Mit Walzer und Tango ins neue Jahr
Die Gemeinde Neufahrn hatte am 17. Januar zum Neujahrskonzert in die Aula des Gymnasiums eingeladen und zahlreiche Gäste ließen sich an diesem unterhaltsamen Abend voller Musik auf das neue Jahr einstimmen. Gestaltet wurde das Konzert vom „Friedensquartett“, zu dem sich Gisela Bouton, Artur Medvedev, Edgar Gredler und Florian Sonnleitner schon vor längerer Zeit zusammengefunden hatten. Das Quartett ist in Neufahrn nicht unbekannt, bereits im Frühjahr 2025 waren die vier im Mesnerhaus zu Gast. Solist am Flügel war Vladimir Genin. Gisela Bouton leitet die Musikschule Hallbergmoos-Neufahrn und spielte bereits in namhaften Orchestern. Artur Medvedev kommt aus Kiew. Er spielt seit seiner frühen Kindheit Geige und bereiste ganz Europa mit verschiedenen Orchestern. Der Cellist Edgar Gredler hatte ebenfalls schon als Kind Unterricht und ist bekannt durch Solokonzerte, Rundfunkaufnahmen und Einspielungen mit Orchester. Florian Sonnleitner studierte Geige an der Hochschule für Musik in München und war viele Jahre Erster Konzertmeister im Symphonieorchester des Bayerischen Rundfunks. Er spielte an diesem Abend nicht nur Geige, sondern führte als charmanter Moderator das Publikum durch das Programm.

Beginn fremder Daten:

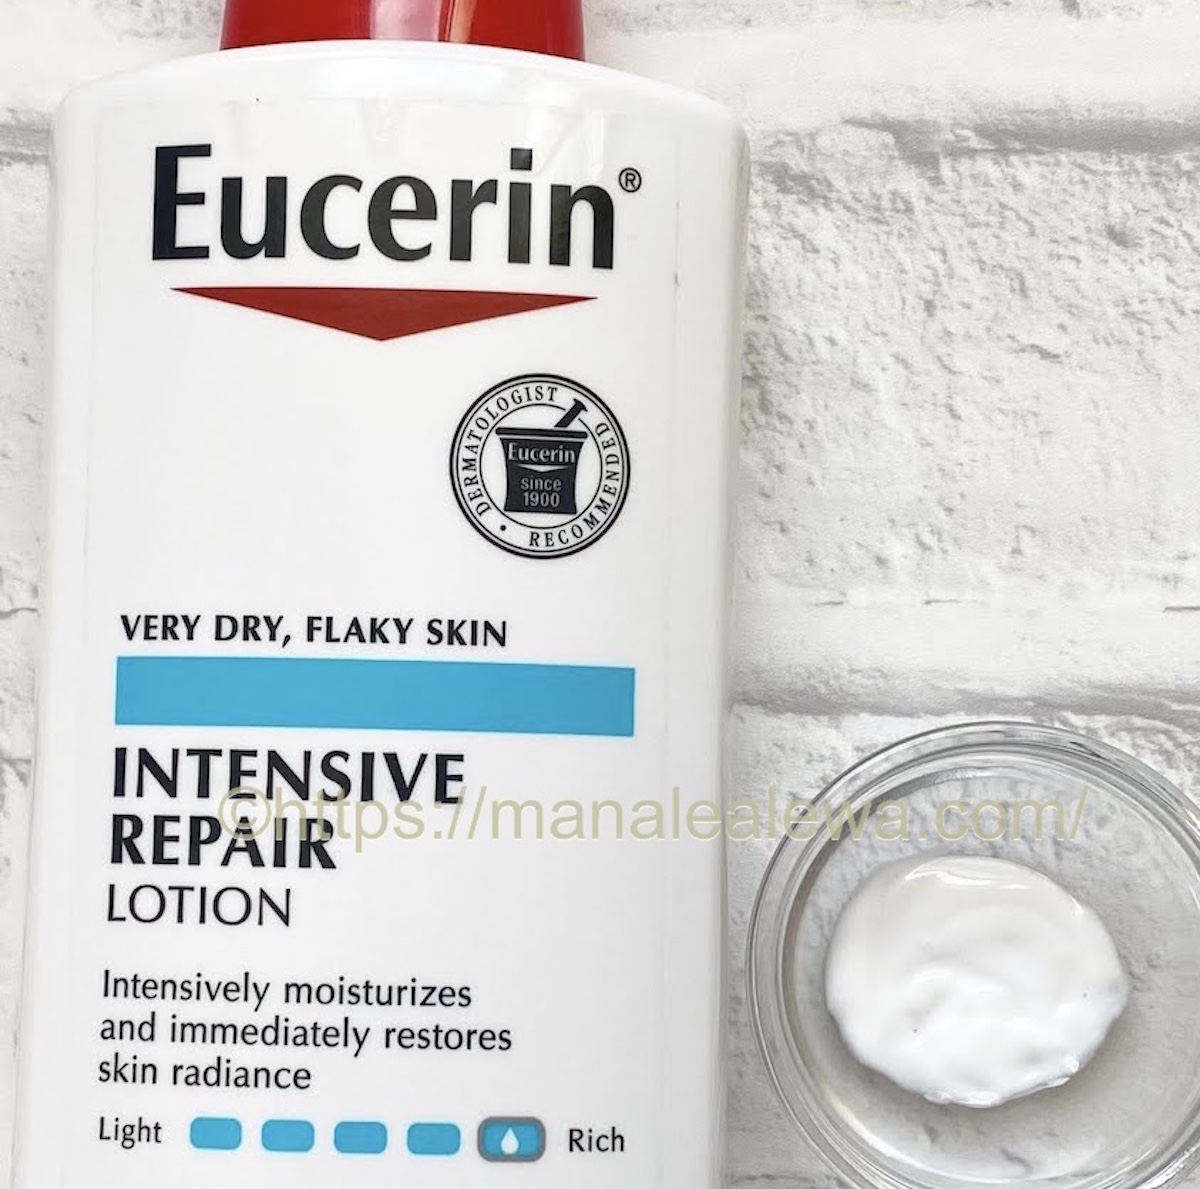 Eucerin-intensive-repair-lotion-texture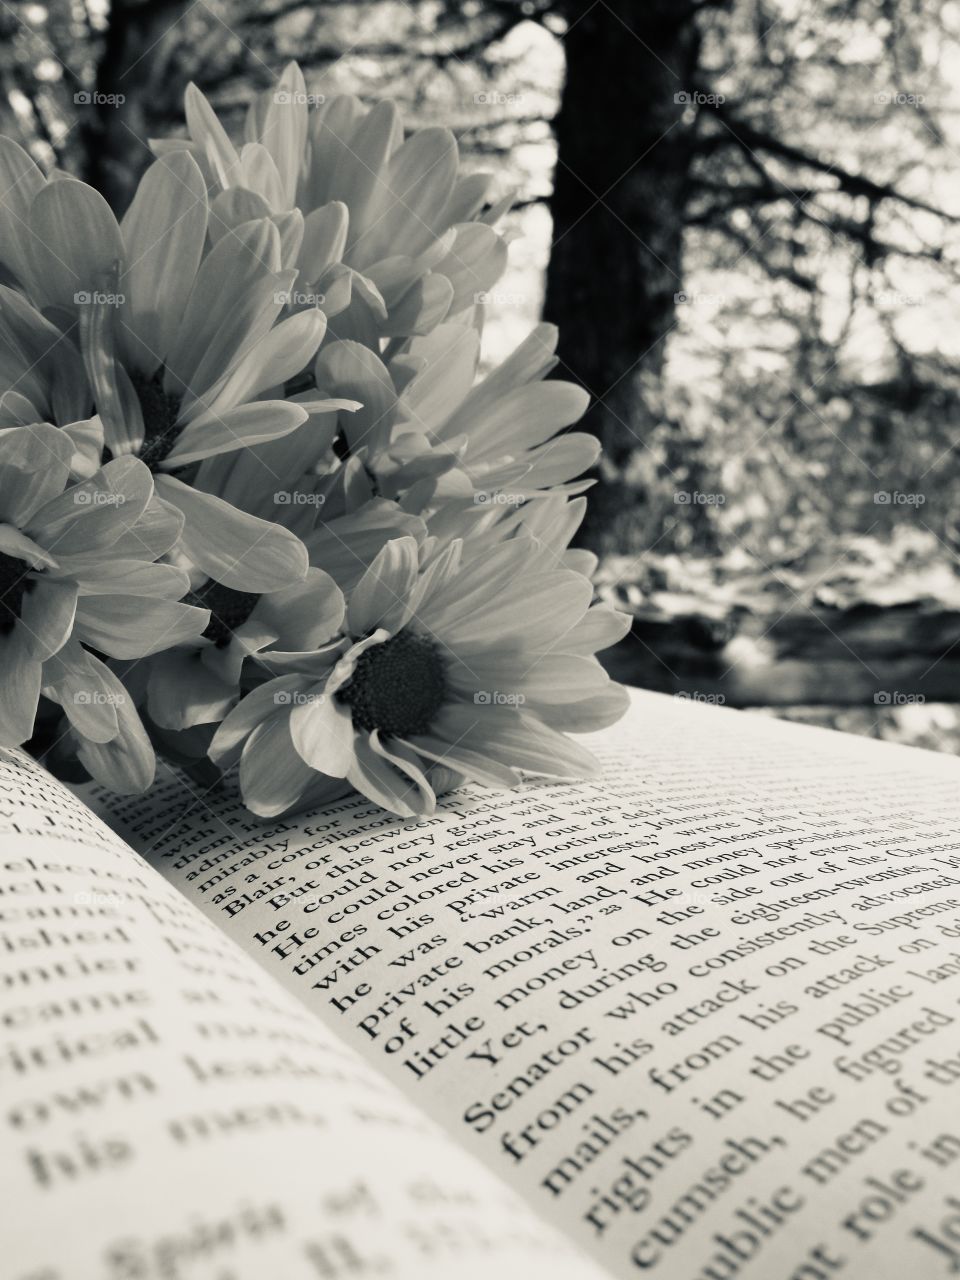 Daffodils on a book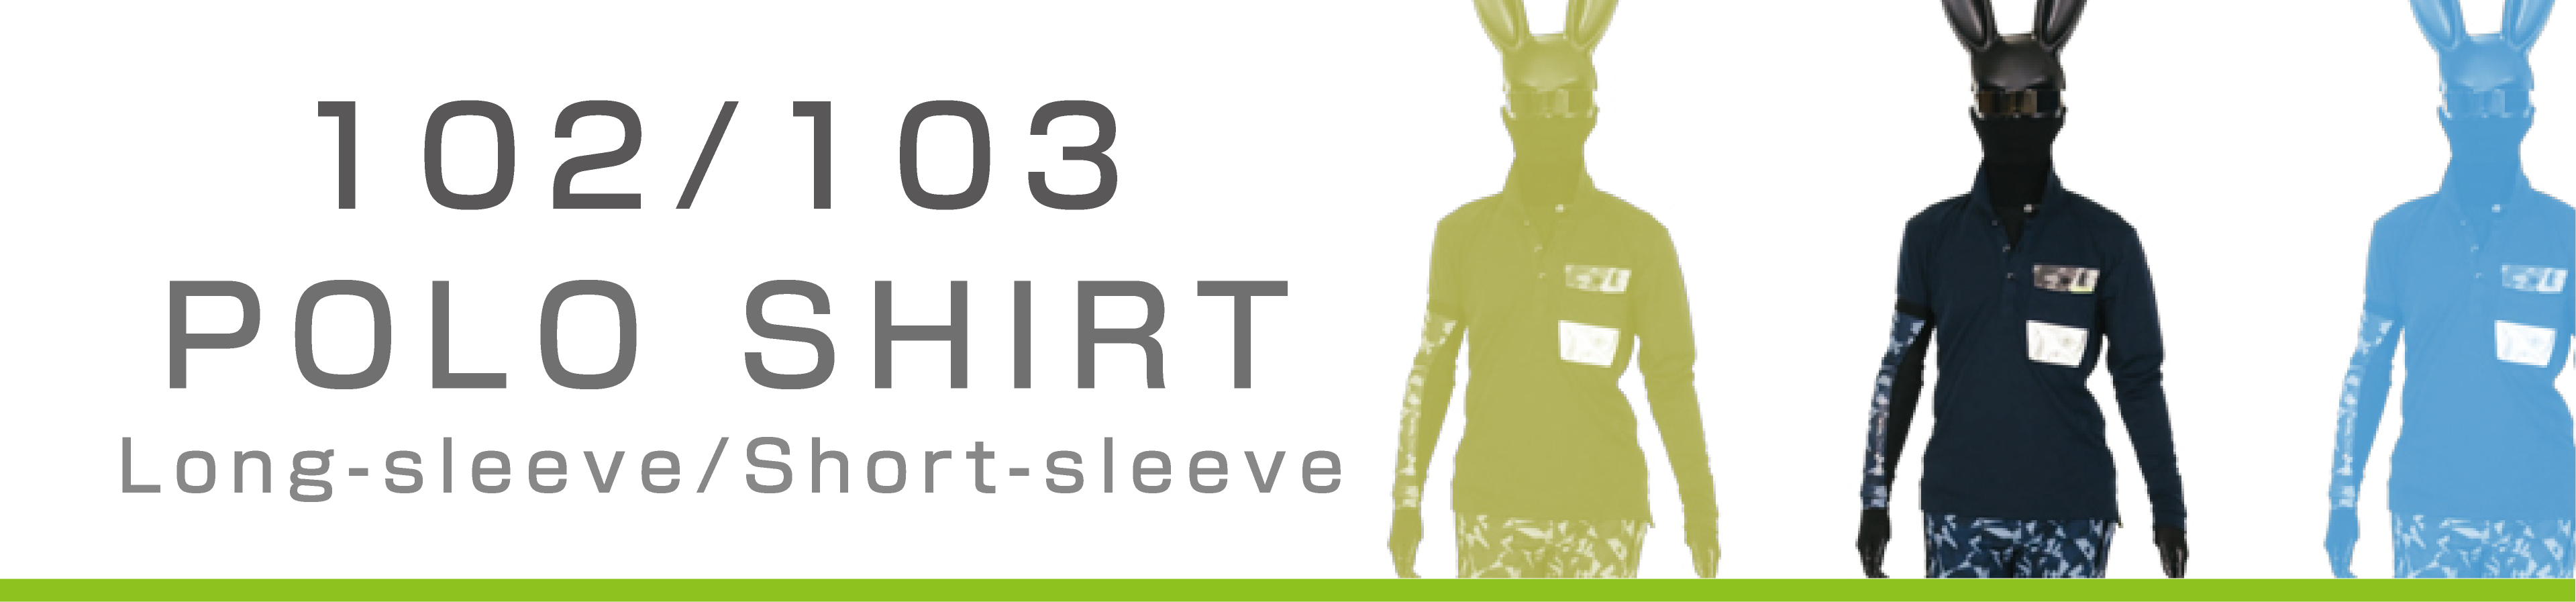 102/103 Polo Shirt Long-sleeve/Short-sleeve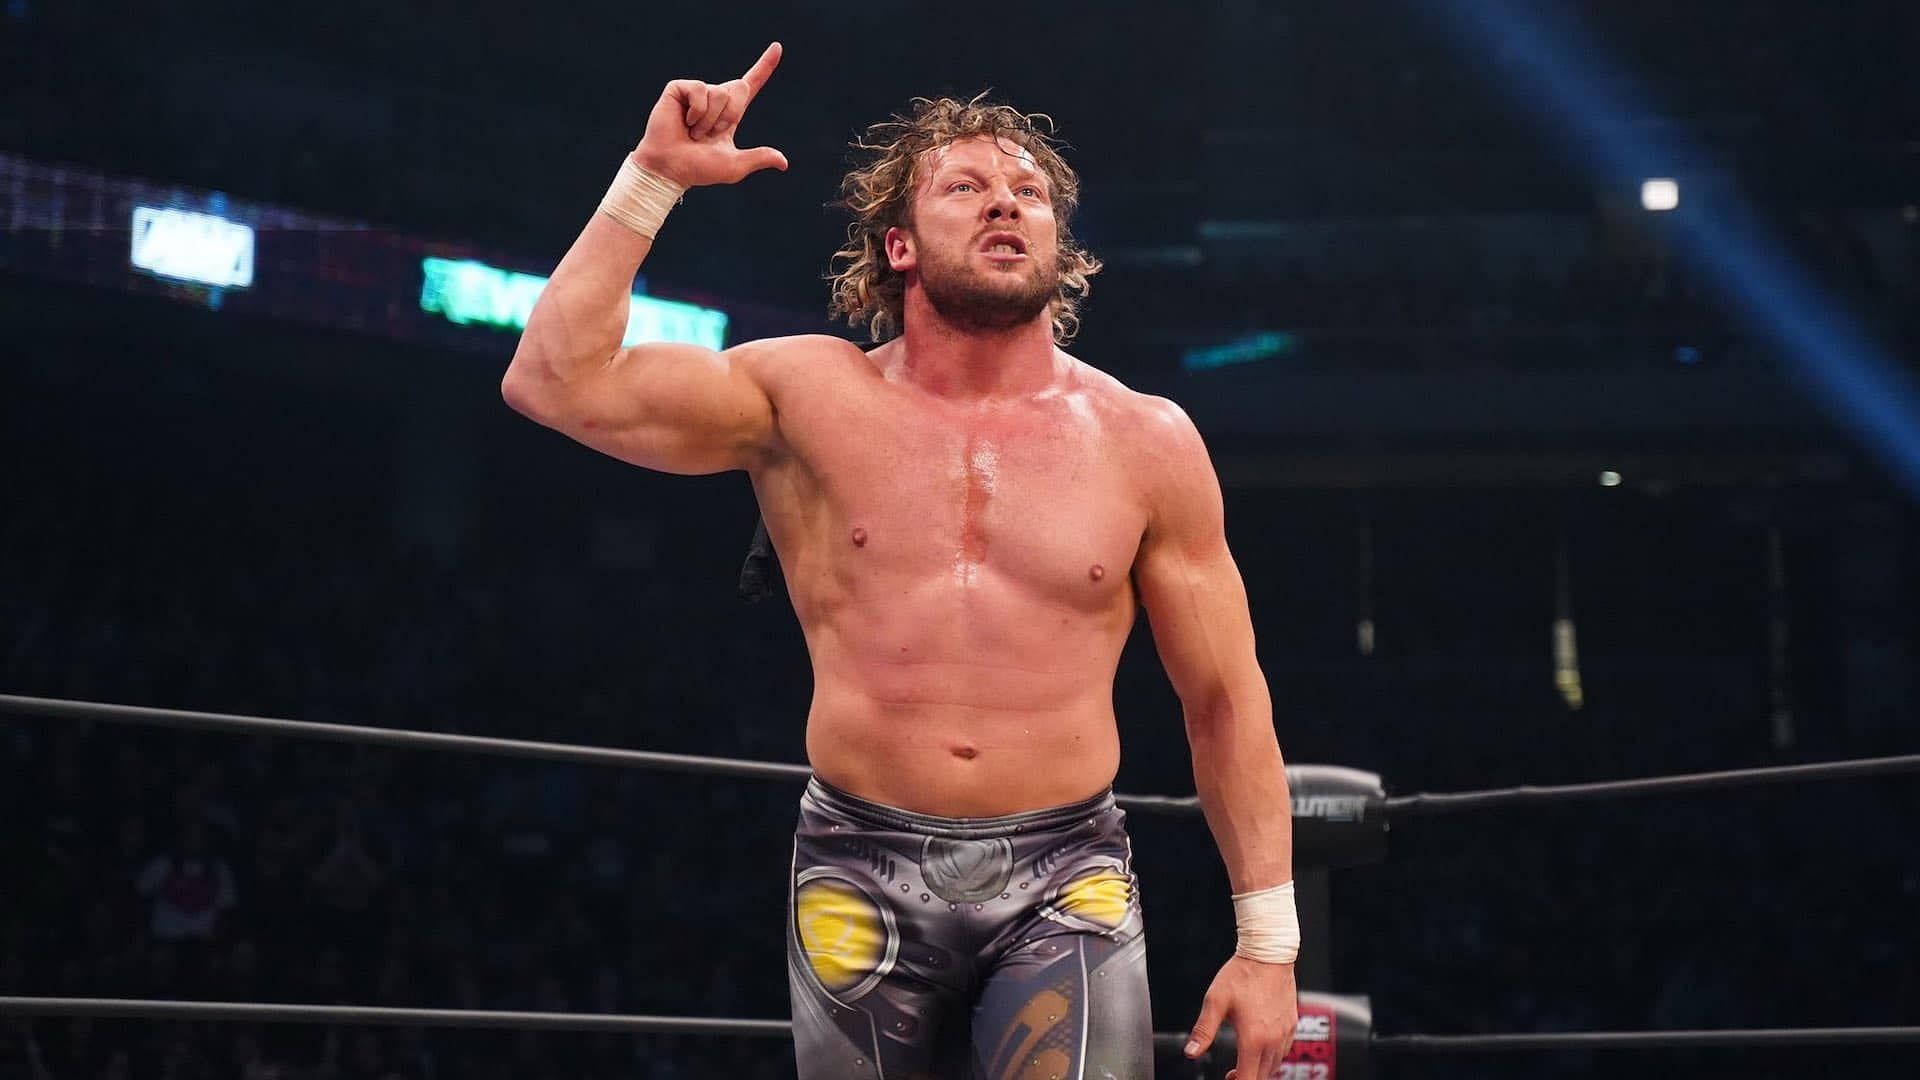 Kenny Omega will return to NJPW in January

Auf die Gäste wartete ein bunter Strauß von Melodien, deren Ursprung sich von der Wiener Klassik über bekannte Filmmelodien bis zum argentinischen Tango erstreckte. Das Vogel- Quartett von Joseph Haydn bekam seinen Namen zwar erst später und auch nicht vom Komponisten selbst, Vogelrufe und Triller waren jedoch so deutlich zu hören, dass man gut nachvollziehen konnte, warum dieses Streichquartett später so bezeichnet wurde. Vladimir Genin, Komponist, Pianist und künstlerischer Leiter der Hallbergmooser Konzertreihe „erstklassik“, begeisterte das Publikum nicht nur mit dem ersten Satz aus dem Klavierkonzert Nr. 12 von Wolfang Amadeus Mozart, sondern auch mit seiner Zugabe, einem Stück des argentinischen Komponisten Alberto Ginastera.
Walzerklänge waren nach der Pause zu hören, „Liebesfreud, Liebesleid“ und „Schön Rosmarin“ von Fritz Kreisler. Danach folgte der Kaiser-Walzer, eines der bekanntesten Werke von Johann Strauss (leider wollte niemand aus dem Publikum der Aufforderung zum Tanz folgen). Nach so viel Walzerseligkeit ging es ins Kino und es erklangen Melodien aus bekannten Filmen: „Moon River“ aus „Frühstück bei Tiffany’s“ und das Thema aus „The Inspektor Clouseau“, beides komponiert von Henry Mancini. Mit „Tango for Isabella“ und „Tango for Dorothea” ging es in die Endrunde des Konzerts. Diese beiden Stücke stammen von Tomislav Butorac, einem in München geborenen kroatischen Geiger, der als Kammermusiker und Solist vielfach gefragt ist. Argentinien war die letzte Station dieser musikalischen Reise. Astor Piazzolla, geboren in Buenos Aires, komponierte in seinem Leben mehr als 300 Tangos. An diesem Abend hörte das Publikum mit „Oblivion“ und „Libertango“ zwei der bekanntesten. Für den anhaltenden Schlussbeifall bedankte sich das Friedensquartett mit einer Zugabe, die Künstler und Publikum mit der „Pausenzeichen-Polka“ von Petra Amasreiter nach der musikalischen Weltumrundung glücklich wieder nach Bayern zurückbrachte. Dieses Konzert war ein gelungener Start in das Jahr 2026, in dem in Sachen Kultur in Neufahrn wieder viel geboten sein wird. Bürgermeister Franz Heilmeier dankte der Neufahrner Kulturreferentin Silke Rößler und – stellvertretend für die Künstler -Gisela Bouton für ihr jeweiliges großes Engagement und überreichte jeder der beiden Damen einen großen Blumenstrauß.
Für Sie berichtete Maria Schultz.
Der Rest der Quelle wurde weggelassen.